The detection of oligoclonal immunoglobulin G (IgG) in CSF is a basic part of a laboratory supported diagnosis of MS (3). An unexplained high frequency of combined intrathecal measles, rubella and varicella zoster virus (VZV) antibodies in CSF of patients with (MS) (4) or autoimmune diseases with involvement of the CNS (6) allows the diagnosis of a chronic inflammatory process (autoimmune type) at the time of the first clinical manifestation (1, 4). This is also important for diagnosis of cases with a monosymptomatic start of the disease like an optical neuritis or an uveitis intermedia and periphlebitis retinae (7).

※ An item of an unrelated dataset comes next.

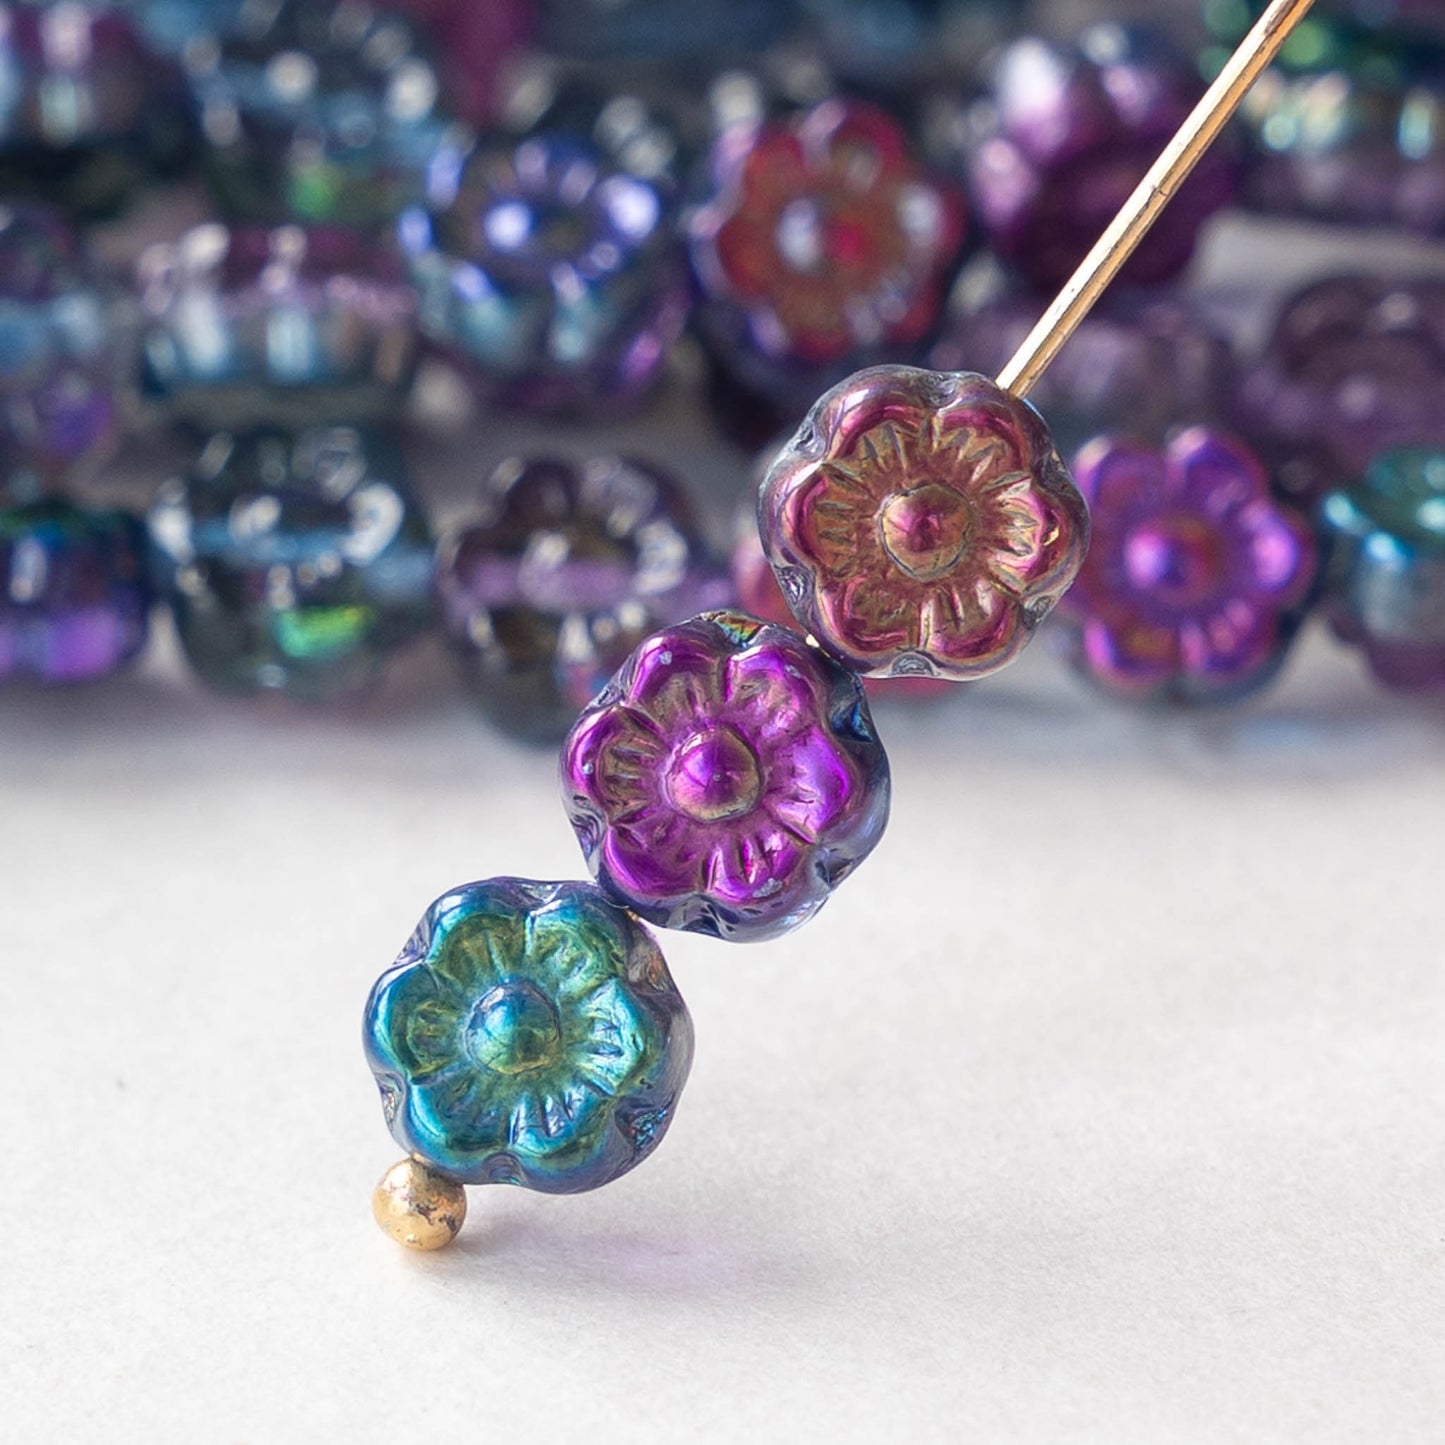 6mm Glass Flower Beads - Blue Violet Luster - 30 beads
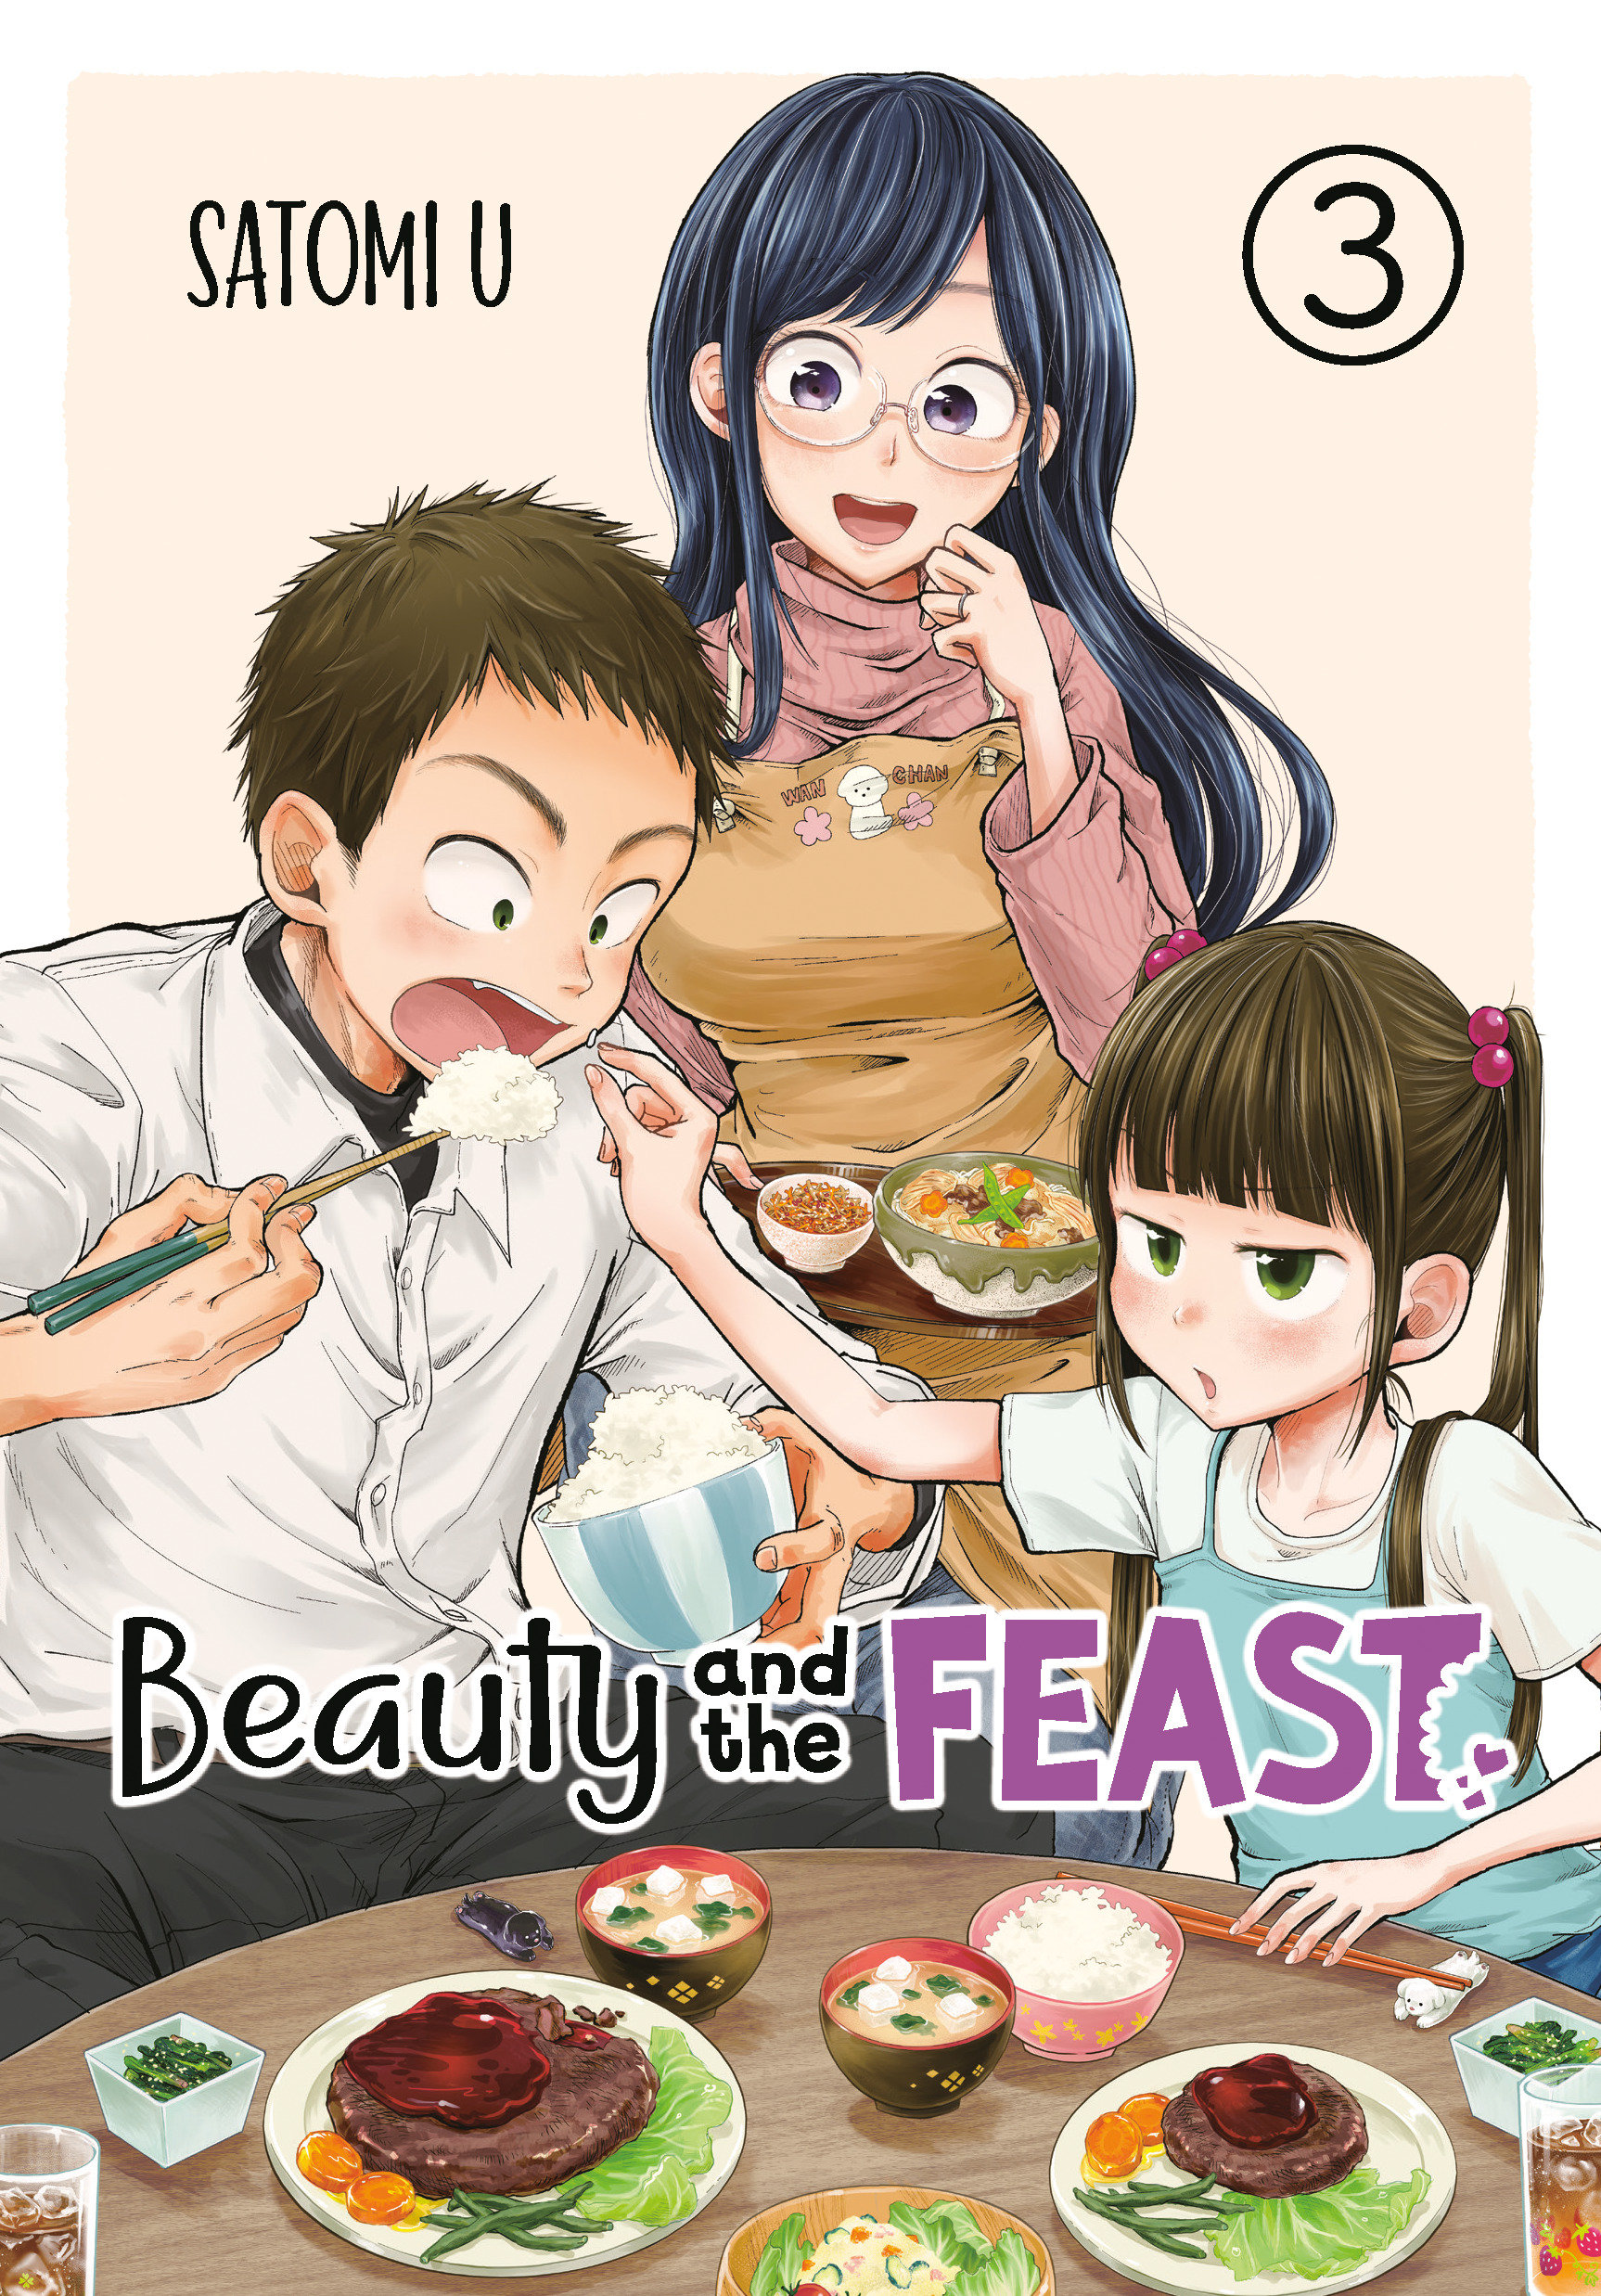 Beauty and the Feast Manga Volume 3

It was a long way to understand that antibodies, which are synthesized in brain and in blood, are not only directed against a causative antigen (clonal selection) but also against other antigens, which are not involved in the cause of the disease. The first detection of intrathecal measles antibody synthesis (8) in multiple sclerosis (MS) led to the hypothesis of a virus aetiology of MS. Later observations showed a polyspecific antibody synthesis against rubella, varicella zoster, herpes simplex, mumps viruses (9) in the single MS-patient. Meanwhile there are also reports about the intrathecal synthesis of autoantibodies against ds-DNA, observed in a fraction of MS patients (4, 6).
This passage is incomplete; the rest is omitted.